Forthcoming
Research Articles

Between Grazing and Gathering: Plant Knowledges, Belonging and Becoming in the Swiss Alps

Maria Lee Kernecker
Leibniz Centre for Agricultural Landscape Research

Published 2025-09-12

Keywords

  • biodiversity,
  • more-than-human geography,
  • transhumance,
  • mountain farming,
  • pastoralism,
  • autoethnography,
  • Multi-Species
  • ...More
    Less

How to Cite

Kernecker, Maria Lee. 2025. “Between Grazing and Gathering: Plant Knowledges, Belonging and Becoming in the Swiss Alps”. Plant Perspectives, September. https://doi.org/10.3197/WHPPP.63876246815913.

Abstract

Alpine summer pastures with high plant diversity emerged through millennia of farmers grazing their animals at higher elevations during the summer months. In the past decades, as plants have migrated uphill, changing the species composition in Alpine pastures, the economic viability of mountain agriculture has simultaneously declined, and who cares for which animals in summer pastures throughout the European Alps has shifted.

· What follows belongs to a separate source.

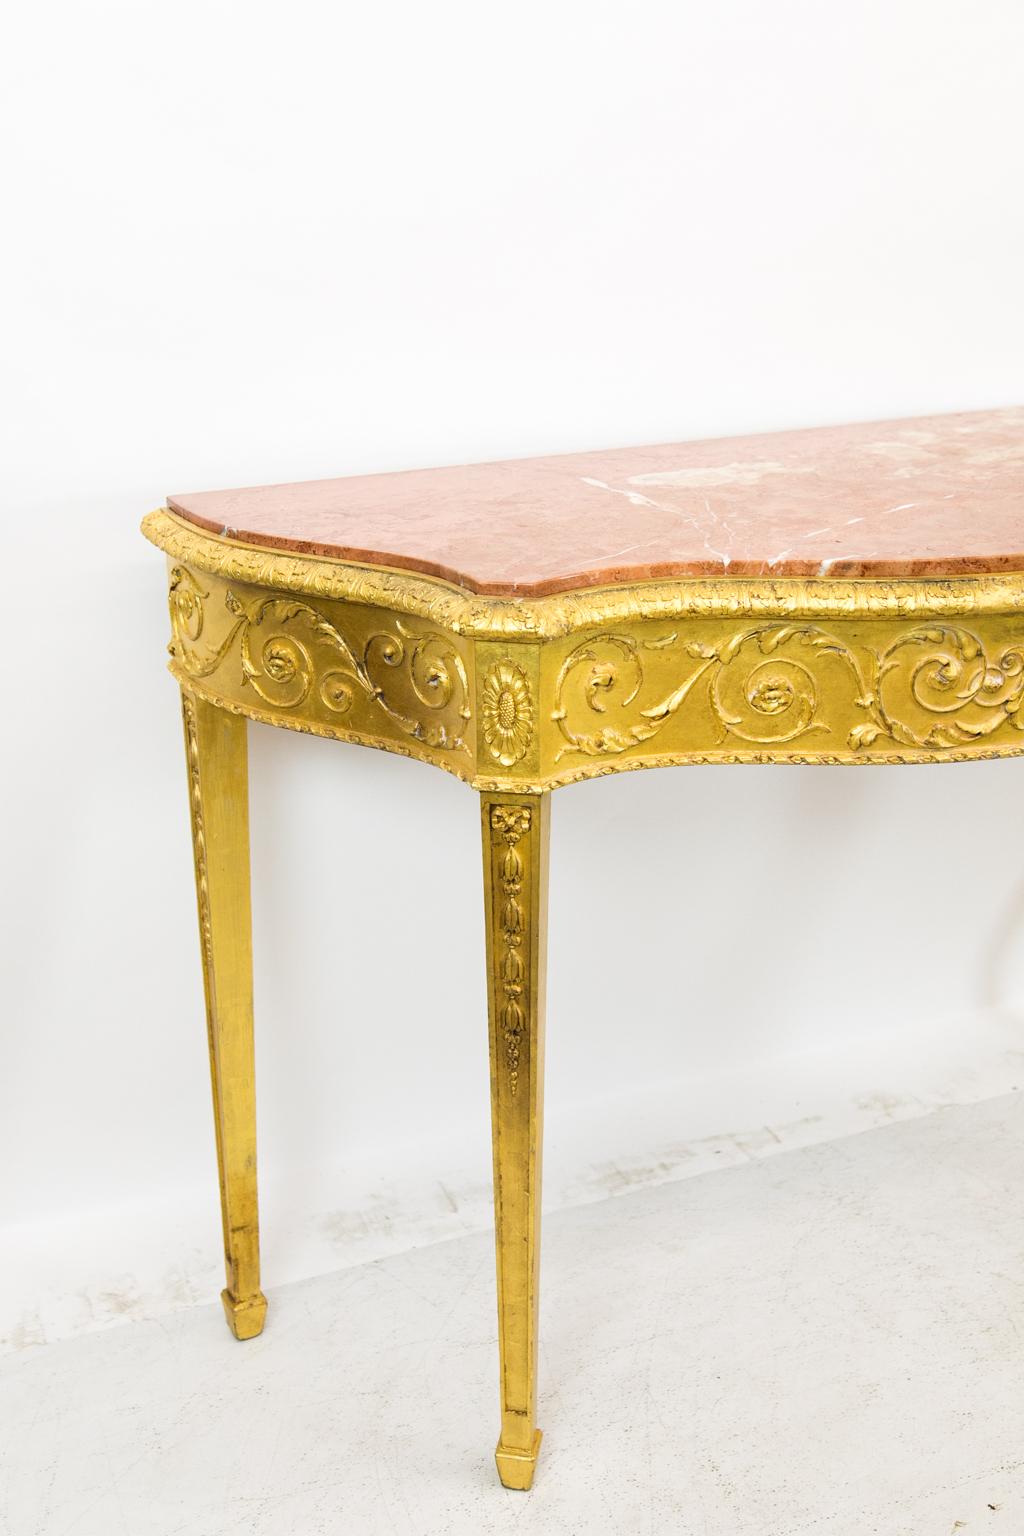 Early 20th Century Serpentine English Marble-Top Gilt Console Table For Sale

In the Swiss Alps, seasonal workers from neighbouring countries make up a large portion of shepherds and cheesemakers involved in transhumance. Here, I aim to contribute to a deeper understanding of how the interactions between humans, animals and plants shape changes in alpine landscapes and their meanings. Drawing on autoethnographic methodologies, I reflect on my experiences as a shepherd in the Swiss Alps over several summers to explore how my growing knowledge of plants through herding and my own foraging anchored my relationship to the Alp and led me to think more deeply about approaches to conservation in regions characterised by alpine farming. While local farmers and members of the communities relate to plants mostly through animals, as a herder, I grew my plant knowledge based on species I could use for teas and as food for myself. As my knowledge about local plants grew, my relationship to place became more tightly attached, and accentuated a different relationship to plants from that which I observed among the local community. Based on my evolving relationships with the Alp, I suggest that plant knowledges provide an entry point to studying continuous becoming in places traditionally associated with high conservation value, providing an emergent perspective on the alpine pastures of the future.